I Say Tomayto, You Say Tomahto

Updated: Aug 26, 2018

It’s surprising how many court cases—Supreme Court cases, even—that literally turn on “a word.” The end of June, the Texas Supreme Court came out with a ruling that might impact thousands, if not tens of thousands, of royalty deeds in Texas and beyond. The case is U.S. Shale Energy II, LLC v. Laborde Properties, L.P., S.W.3d, No. 17-011,2018 WL 3189552 (Tex. June 28, 2018). Conrad Hester and Alix Allison of Thompson & Knight LLP wrote an article entitled, “We All Float Down Here: New Texas Supreme Court Opinion Finds Floating, Not Fixed, Royalty” about the ruling, for Oil and Gas Update, an internet blog.


This ruling certainly impacts the work of every division order analyst.
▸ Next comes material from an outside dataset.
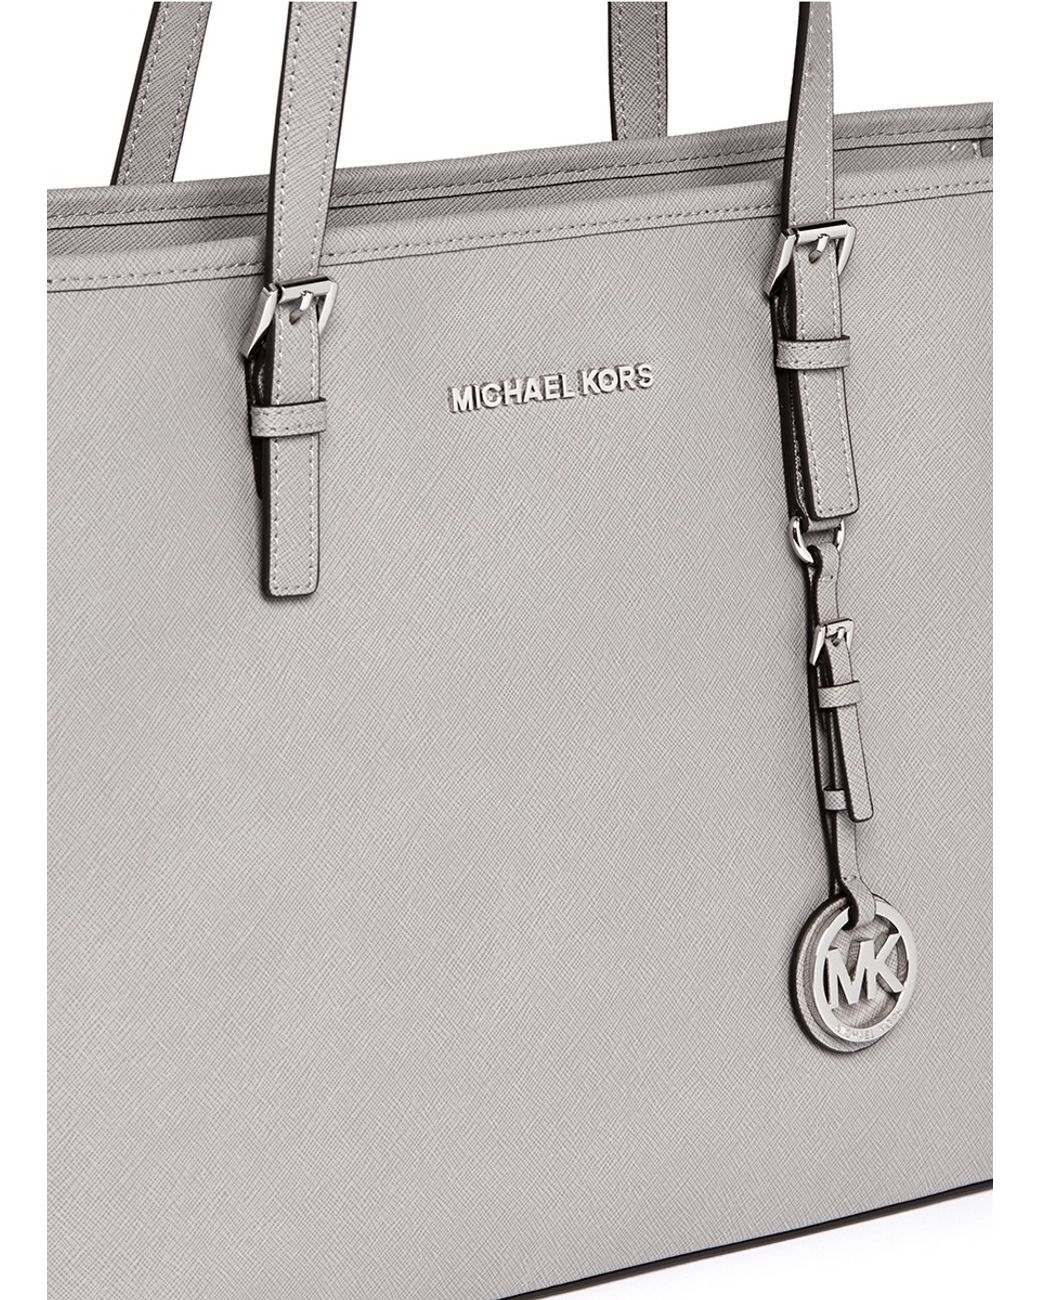 Michael Kors India Online - Shop Authentic Collections Up To 70% Off

That includes future work as well as past work, it seems. Authors Hester and Allison point out that this ruling changes how a royalty deed using the fraction “1/16” might not mean 1/16. It could mean a full one-half of whatever royalty rate is contained in the lease covering the interest, whether that be 1/8th or more than 1/8.


According to the article, the royalty deed granting clause language at issue states plainly that the grantor reserves an undivided one-half interest in the royalty on production from the lands described in the deed. That initial statement is followed by a comma, after which one last statement is made: “the same being equal to one-sixteenth (1/16) of the production” (C. Hester and A. Allison, Oil and Gas Update, August 3, 2018).


Hester and Allison explain the court’s reasoning: basically, the inclusion of the fraction 1/16 in the granting clause did not limit the reservation to 1/16, but rather, represented only the understanding that, at the time, the lease contained a 1/8 royalty clause. Future leases containing a royalty rate higher than 1/8 would be subject to a floating reservation equal to one-half of whatever is contained in the lease.


It’s unknown whether this ruling will affect current, ongoing royalty payments to owners being paid based on a years-old deed containing the same, or similar language. Until the division order analyst’s employer says differently, the distribution of revenues will continue in the manner currently being paid. In all likelihood, it will be up to the individual owners to become aware of this ruling, recognize its effect on their payments specifically, and bringing it to the attention of the company paying them.